Many years back, Seth Grahame-Smith helped found the mash-up genre that began (or seems to have begun) with his book combining Jane Austin and zombies. Cause, let’s face it, it couldn’t hurt the book. Apologies for those that like Austin, but I’m on the record as not being one of her fans. The problem is, he really can’t write; certainly he can’t write as competently as Austin. PP&Z was simply a cute idea that hit at the right time.
With the movie, my hope was that it could even out the writing and the tale itself into something a bit more polished and interesting. Well, not so much.
There are inherent challenges in the story. First, taking genteel ladies and making them into warriors, but somehow retaining their base nature and politeness. Second, providing an historical setting and set of relationships that remains somehow the same as the Austin original in terms of manners, but adjusts for the zombie apocalypse. Frankly, it could be done, but the drive at that point for marriage is for one of protection and strength rather than money and royal position. But that isn’t what was put on screen. Instead it is intended more as a comedy romp with minimal credibility in the world building. A shame, really, as it could have been both.
The cast navigate the twisted world and motivations they are provided really rather well. The two leads, Sam Riley (Maleficent) and Lily James (Cinderella) embrace their characters. Riley does come across as a Darcy transformed for this world. James a bit less so, but mostly due to script. James has the unfortunate task, as do her screen sisters, of flipping back and forth between warrior chick and debutante with little integration allowed by writer/director Steers. He took on a much bigger challenge than he likely realized for his first major film and somewhat failed by not owning the new interpretation more.

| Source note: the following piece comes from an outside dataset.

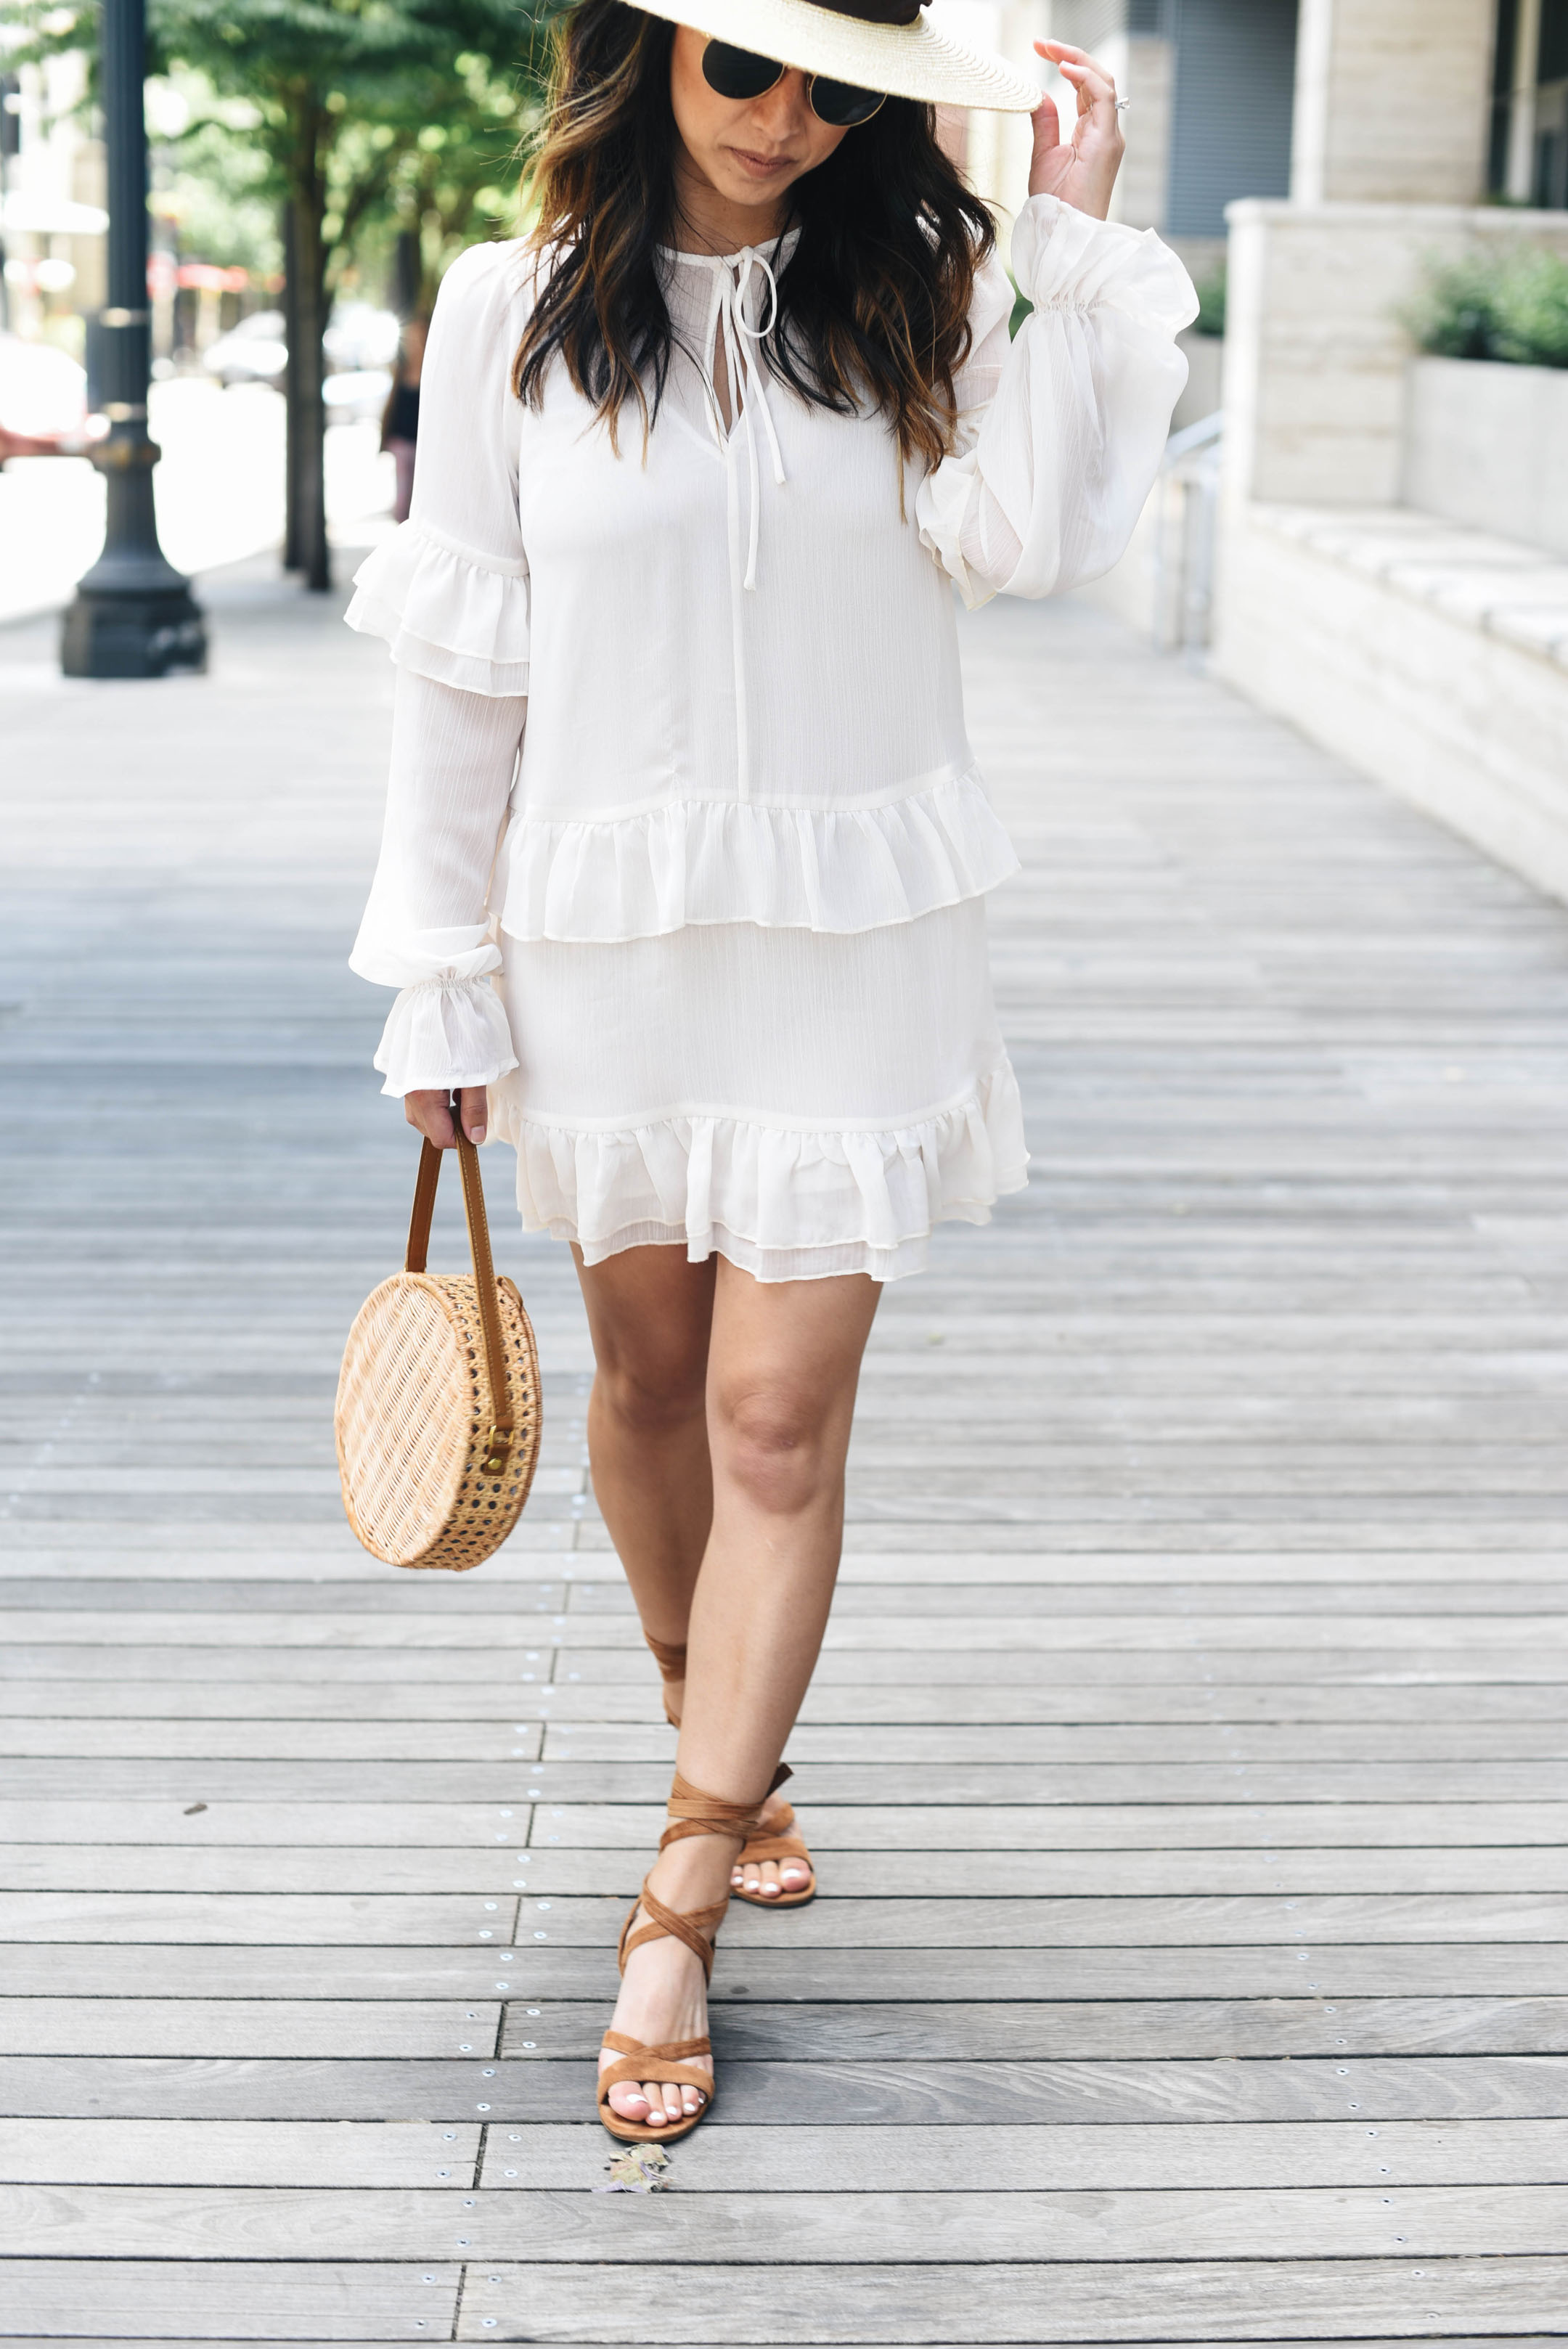 Petite friendly white dresses
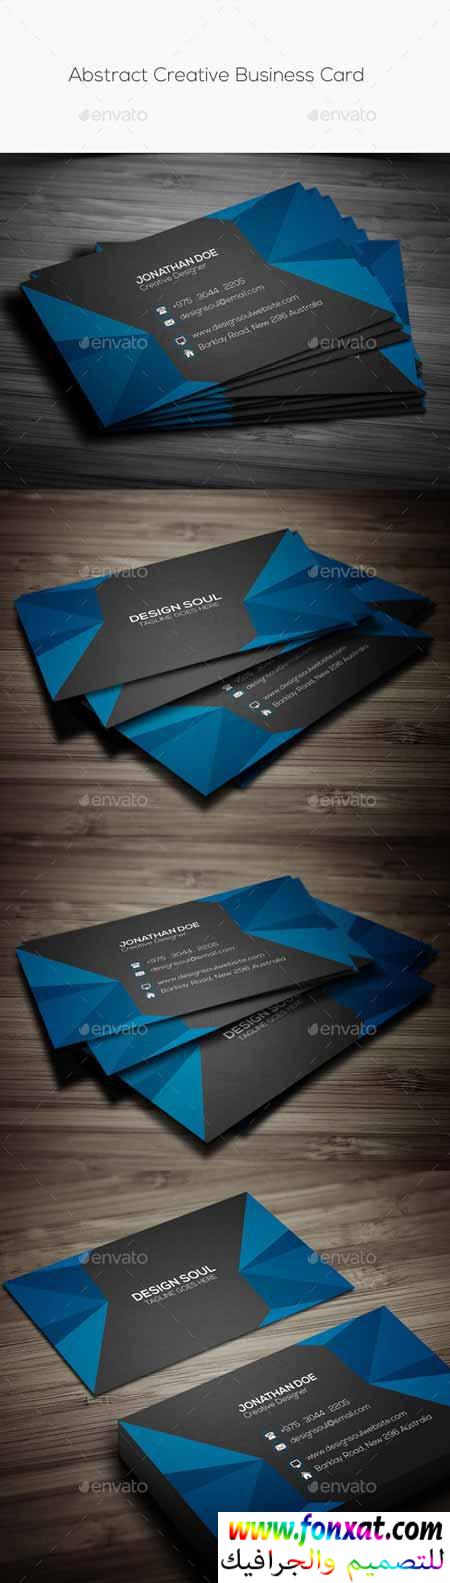 business card تصميم كارت شخصى احترافى psd رقم 20

There are some entertaining performances outside these two. Bella Heathcote (In Time), Charles Dance (Victor Frankenstein), Matt Smith (Terminator: Genisys), and Lena Headey (Game of Thrones) in particular. But, with the exception of Heathcote, they are all wildly caricature amid a semi-realistic plot, which left them looking a bit clownish.
For a couple hours of distraction… along the lines of a long Saturday Night Live sketch… it may serve its purpose for you. If you need a good comedy zombie movie, check out Fido, Shaun of the Dead, or even Cockneys vs Zombies and Zombieland. Each of these is more cohesive and better done, with plenty of action and laughs.